**DATA SEGMENT:**
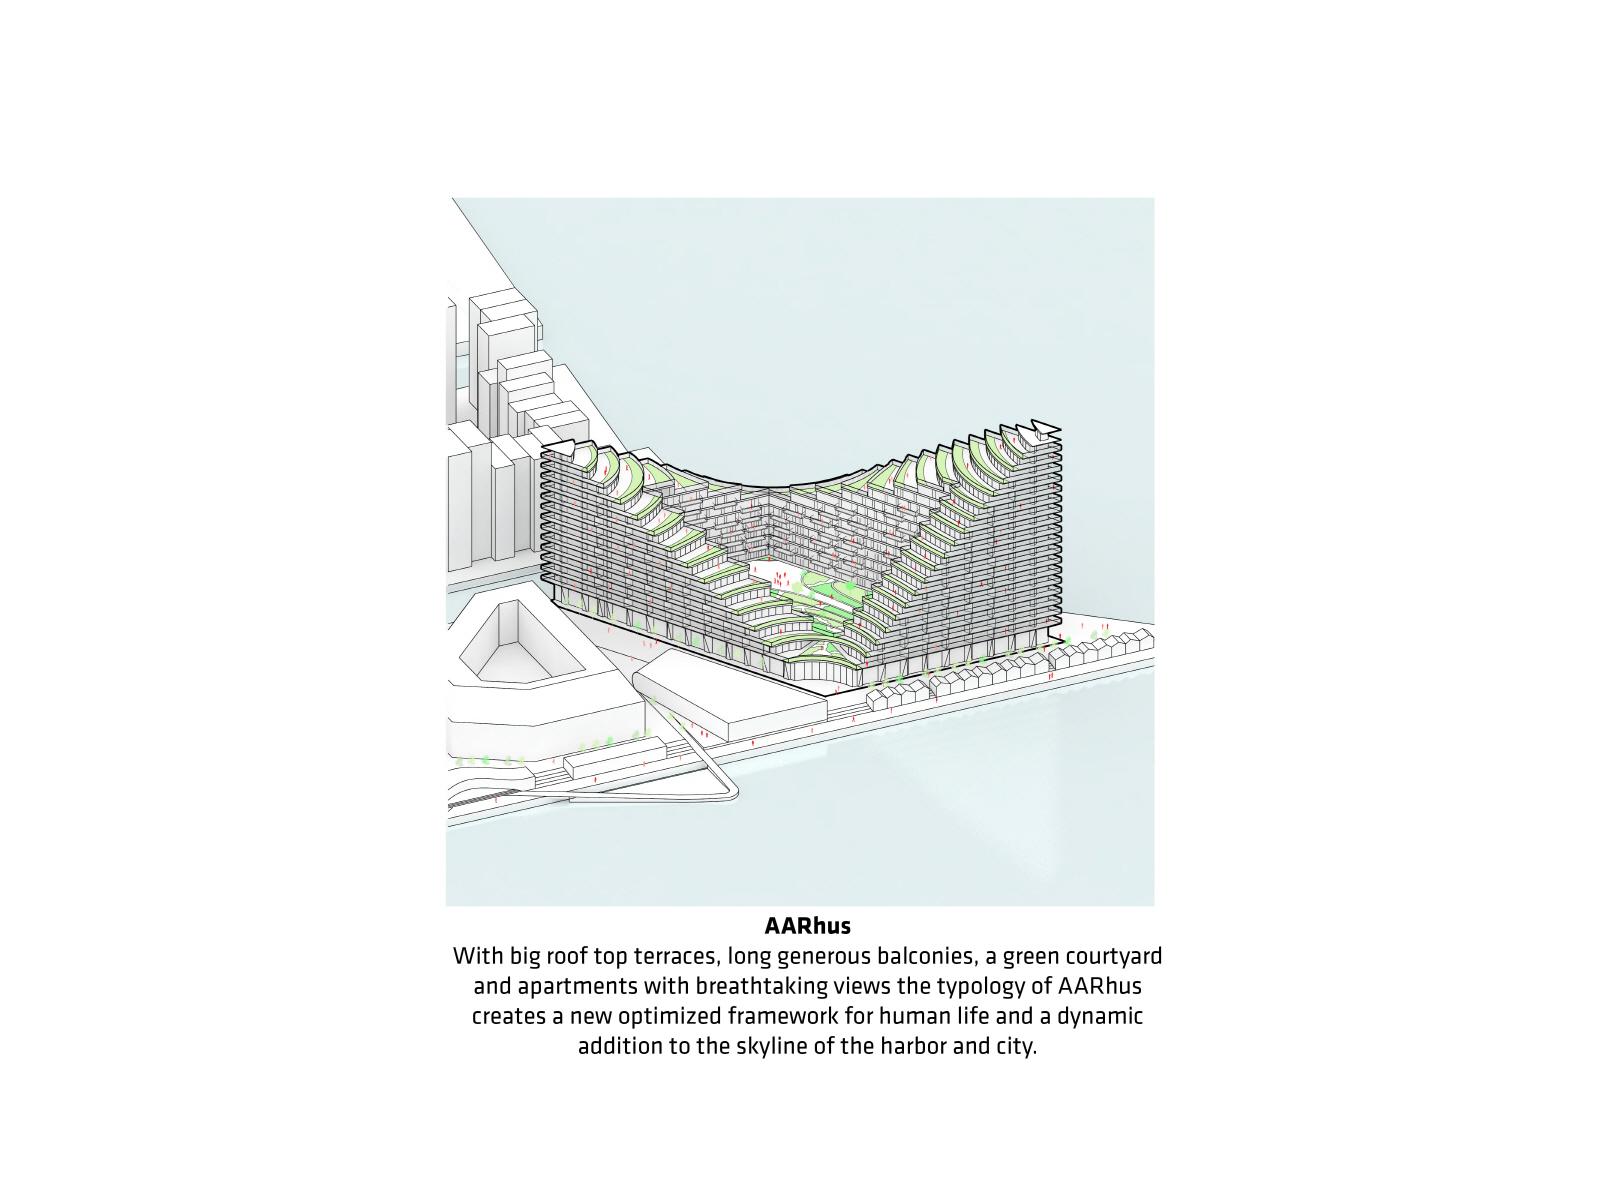 〔안정원의 건축 칼럼〕 계단식 발코니와 중정형 루프 테라스가 빚어내는 입체적인 공간 2
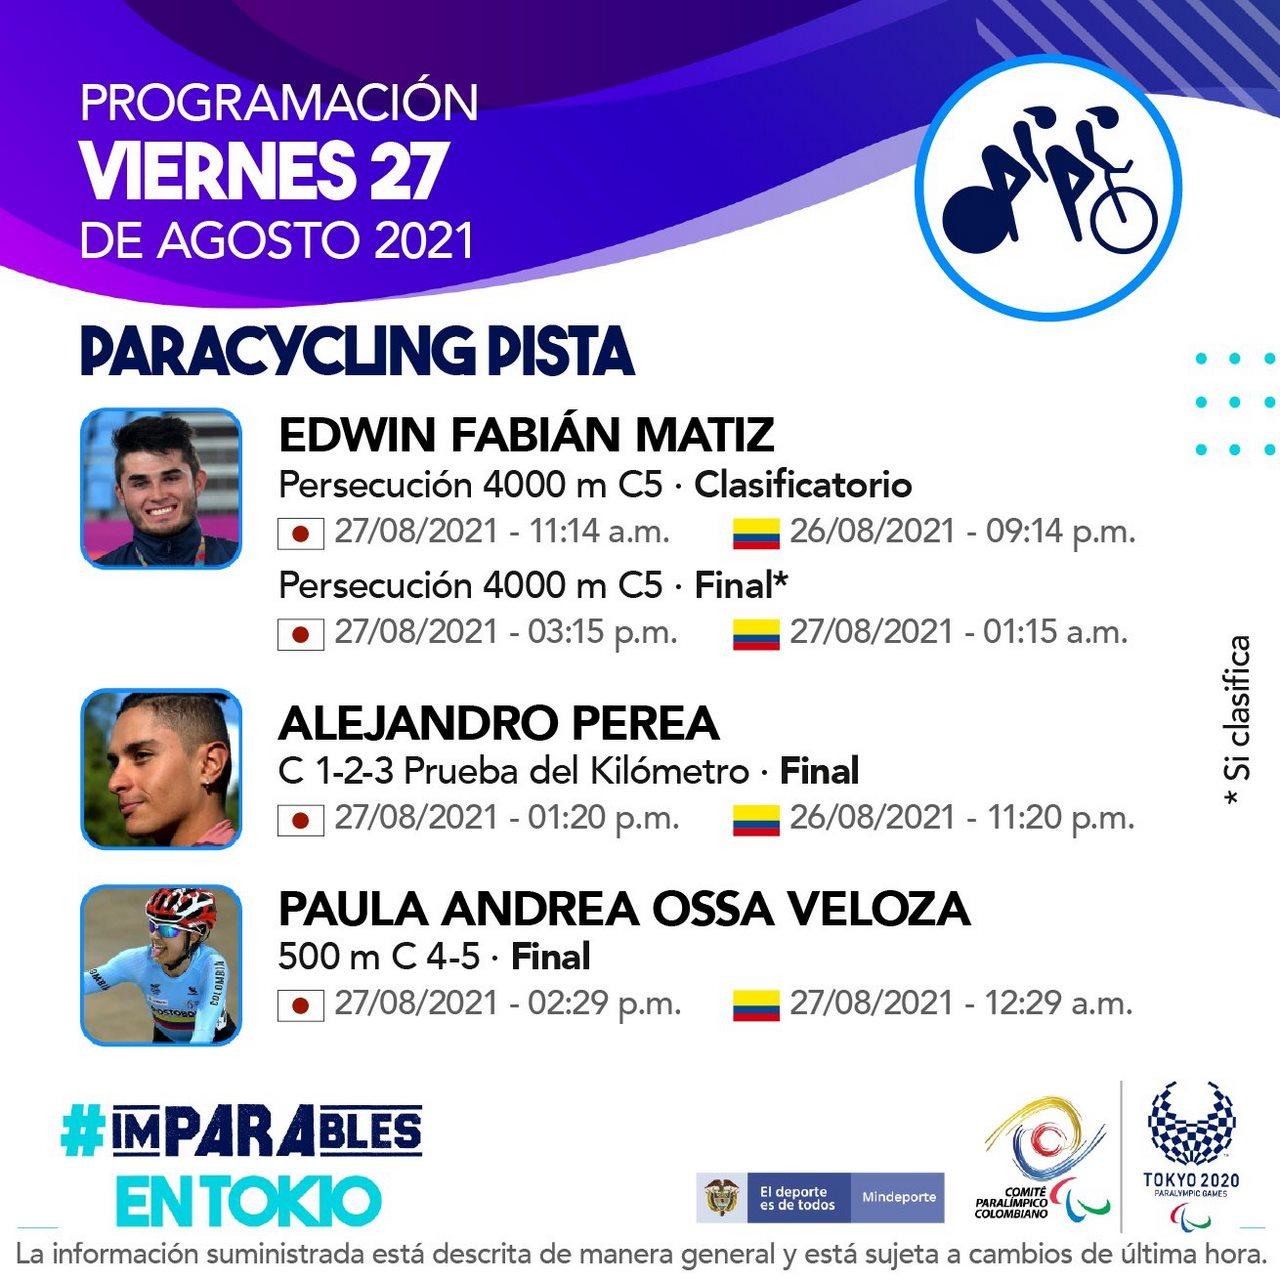 Programacion de los deportistas colombianos para tercera jornada Juegos Paralimpicos 8
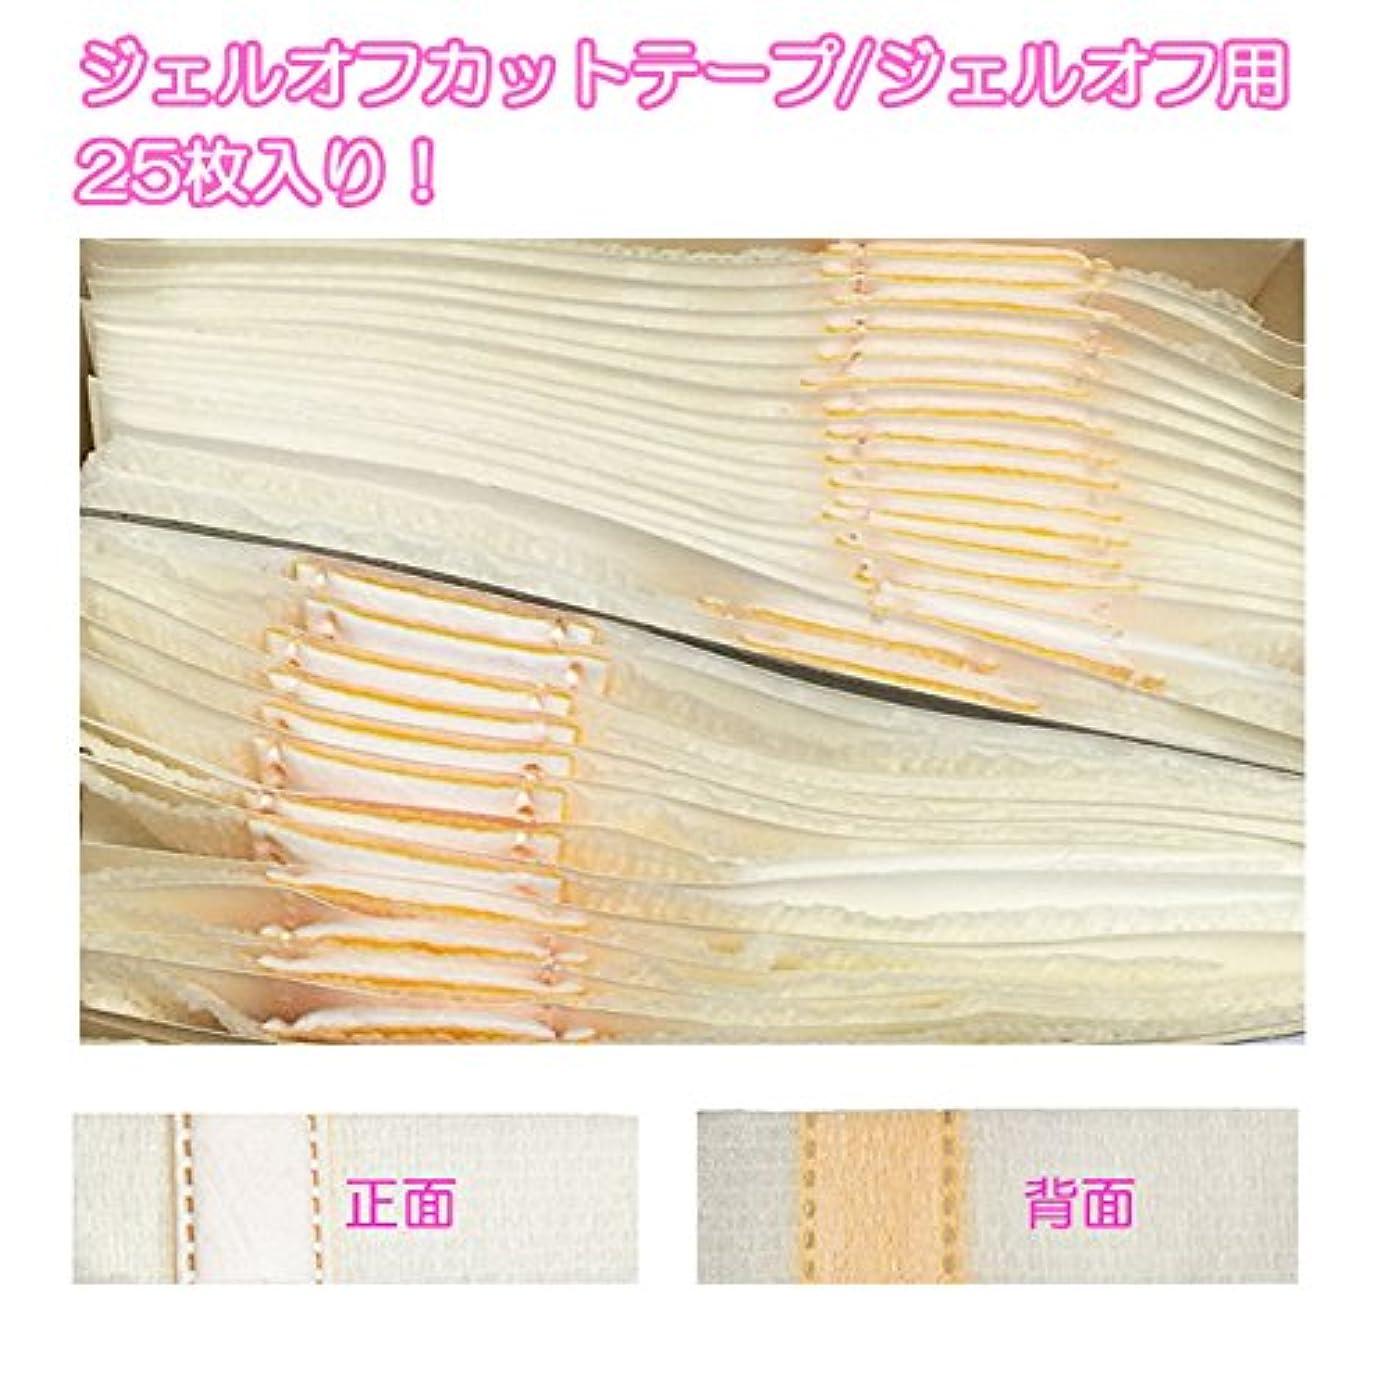 偏見祭り吸収剤ジェルオフカットテープ/ジェルオフ用【25枚入り】 (ホワイト)

**DESCRIPTION OF THE TASK:** The copy should begin at the line containing "Programacion de los" and end at the last line of the data above; please restate those lines word for word without the pictures.

**YOUR SOLUTION:**
 Programacion de los deportistas colombianos para tercera jornada Juegos Paralimpicos 8
 偏見祭り吸収剤ジェルオフカットテープ/ジェルオフ用【25枚入り】 (ホワイト)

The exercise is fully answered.